# Thoughts on "The Fandom" documentary?



## Bink (Jul 1, 2020)

I won't lie I'm pretty hyped about the premier on the 3rd of July. I've seen a lot of media furry coverage and a few documentaries but this one just seems so much more promising and in depth at first glance, compared to the other ones I've viewed. This isn't too surprising though as it's directed by none other than Ash Coyote, a relatively small, trans furry youtuber (I love her content for some reason, she has such a fun personality).

It's releasing during a bad time IMO to gather the attention I had originally hoped, but I think it's a huge step in the right direction towards trying to educate the general public on WHAT EXACTLY we, as furries, are as a whole... which is to say we are not a collective mass so to speak but a PLETHORA of different types of people from all walks of life sharing a common interest in anthros...

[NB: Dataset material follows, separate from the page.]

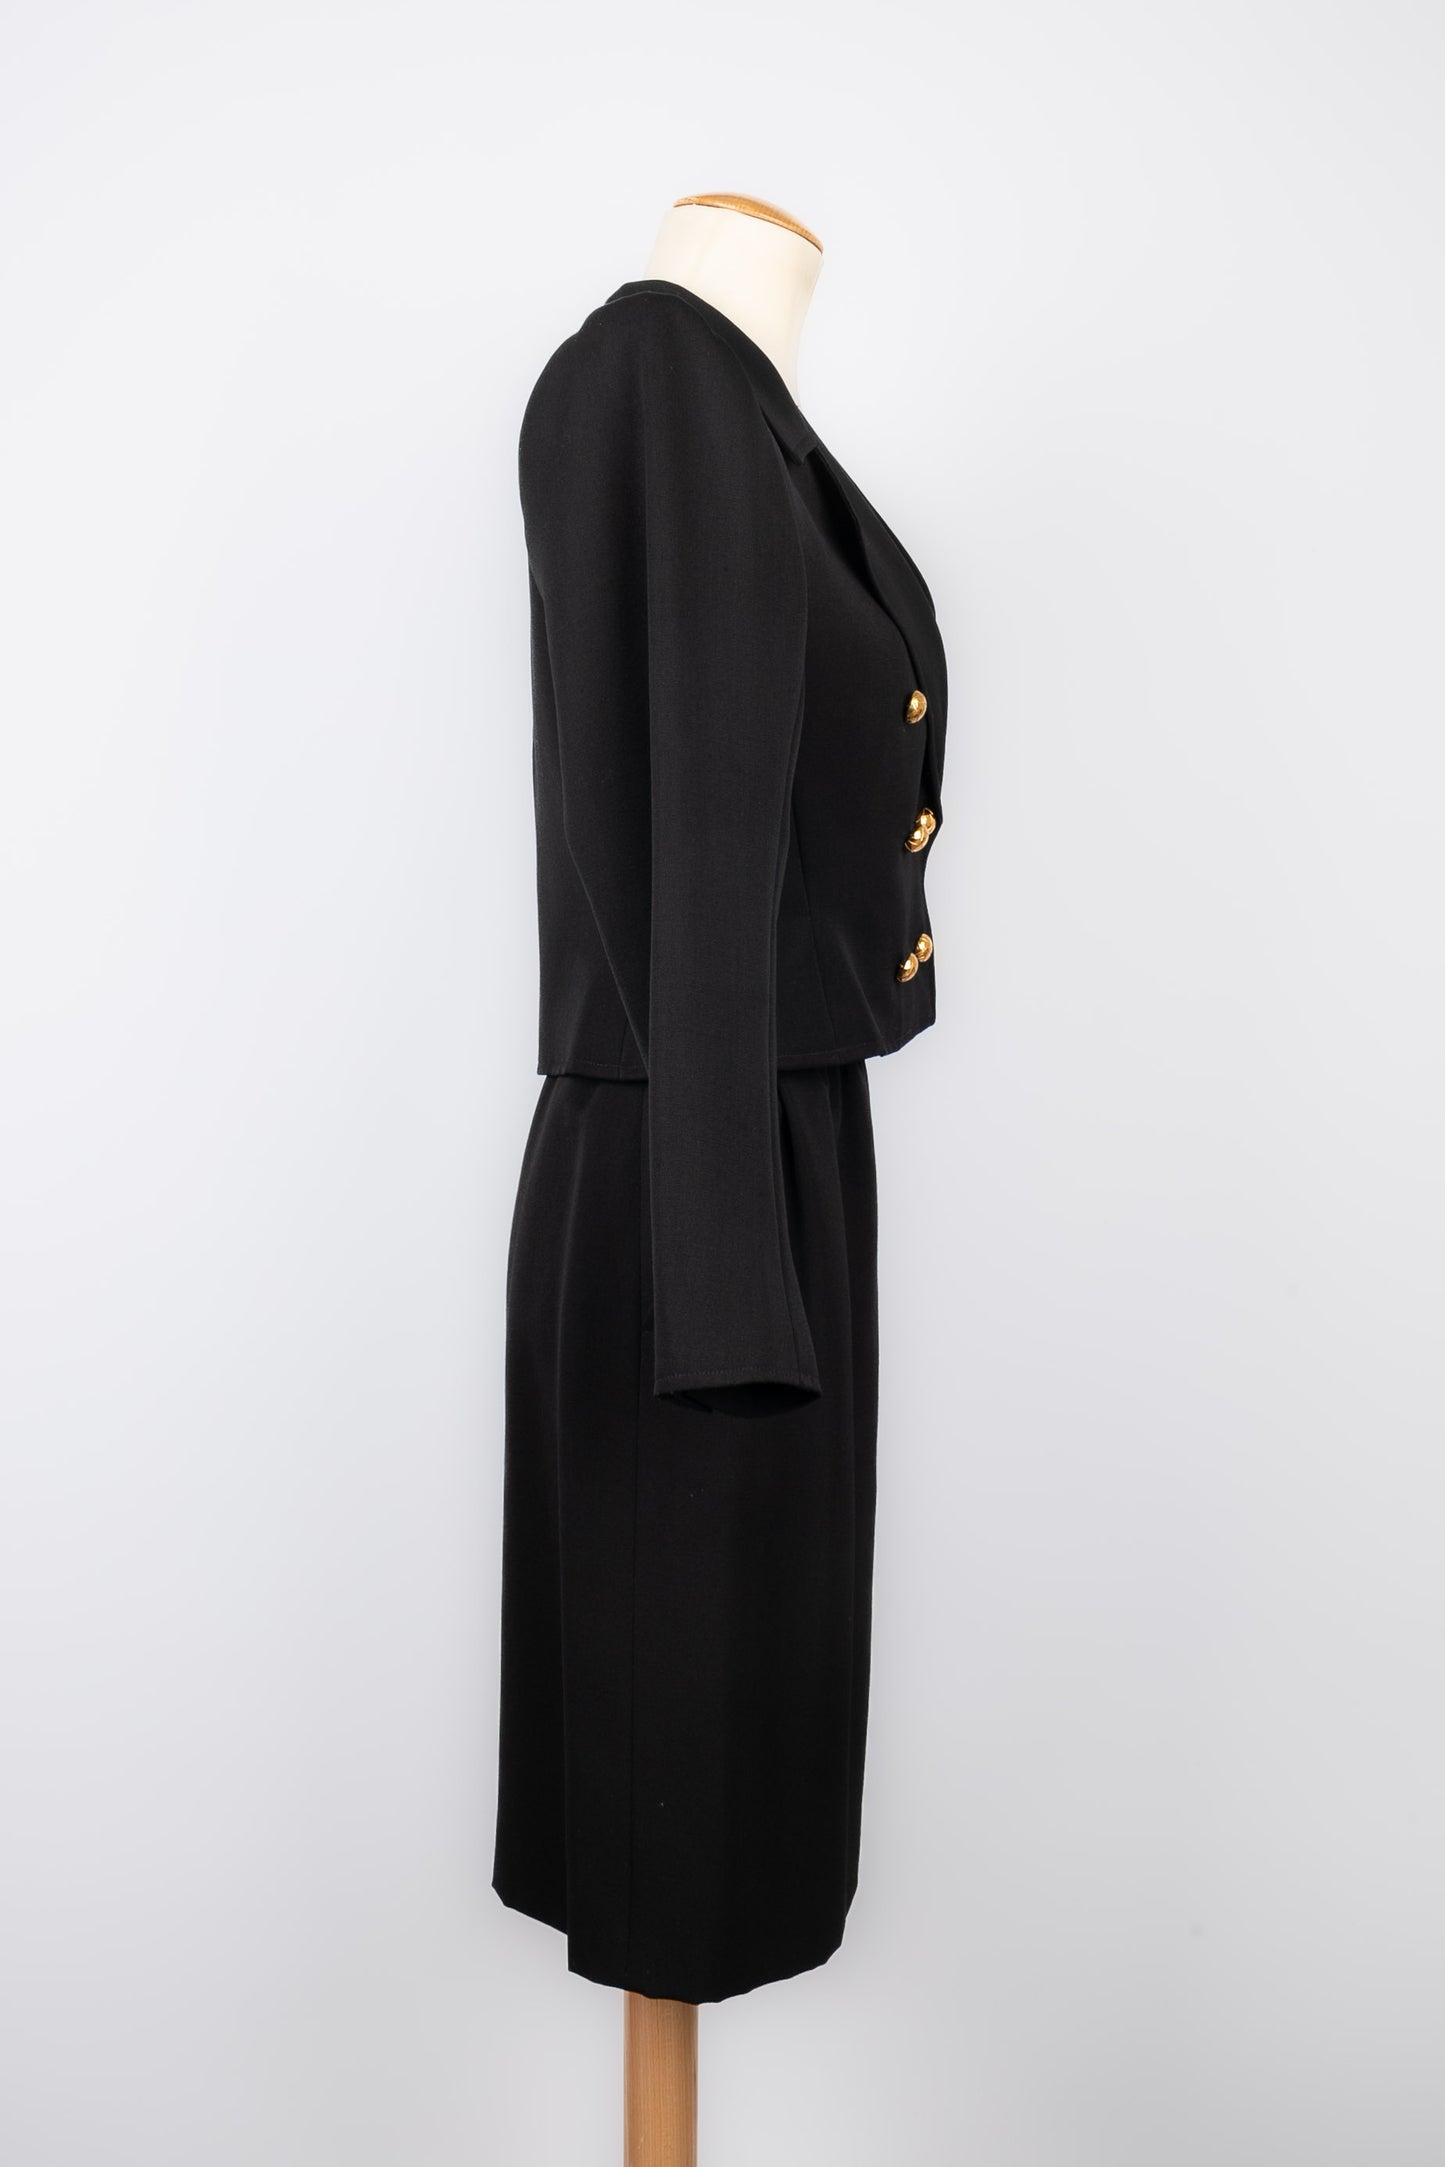 Tailleur Yves Saint Laurent Haute Couture

but I digress, what are your thoughts on this? I plan on watching the premier and if I like it, I will be buying a digital copy to support the director and team who made it, and I suggest the same for all of you!

TRAILER:





LINK FOR PREMIER:


----------



## Bink (Jul 3, 2020)

PREMIER IN 8HRS!

Really? No one has any thoughts on this, I figured there would be more a buzz about it.. if its got so little attention in the fandom itself then I suppose it'll be DOA pretty much.. I still think I'll enjoy it either way.


----------



## ManicTherapsid (Jul 3, 2020)

I'll probably watch it whenI get time. Think I donated $5 to their kickstarter last year.


----------



## Punji (Jul 3, 2020)

I gotta admit, I'm very impressed with it! It was interesting and informative, and I feel like they handled things very appropriately. A fair and honest representation.

Thanks for bringing it to attention!


----------



## Bink (Jul 3, 2020)

All I can say is WOW. It wasn't what I was expecting. But it was moving and emotional for sure (and definitely educational, especially the history the fandoms roots).

I even donated during the premier, which is something I RARELY do... actually I've never done it before. Thats how moved I was. I was really emotional after watching it.

Reminded me of my first con... that feeling of being surrounded by individuals and knowing you weren't alone.. but more than that too, feeling _At home _In a sense.. too many feels. I love the fandom!


----------



## Troj (Jul 3, 2020)

Watching it now! Enjoying it so far, and getting a kick out of seeing people and cons I recognize!


----------



## Deleted member 82554 (Jul 4, 2020)

Bink said:


> All I can say is WOW. It wasn't what I was expecting.


You were expecting it to be socially awkward, autistic and overly sexual too? Thought that was just me.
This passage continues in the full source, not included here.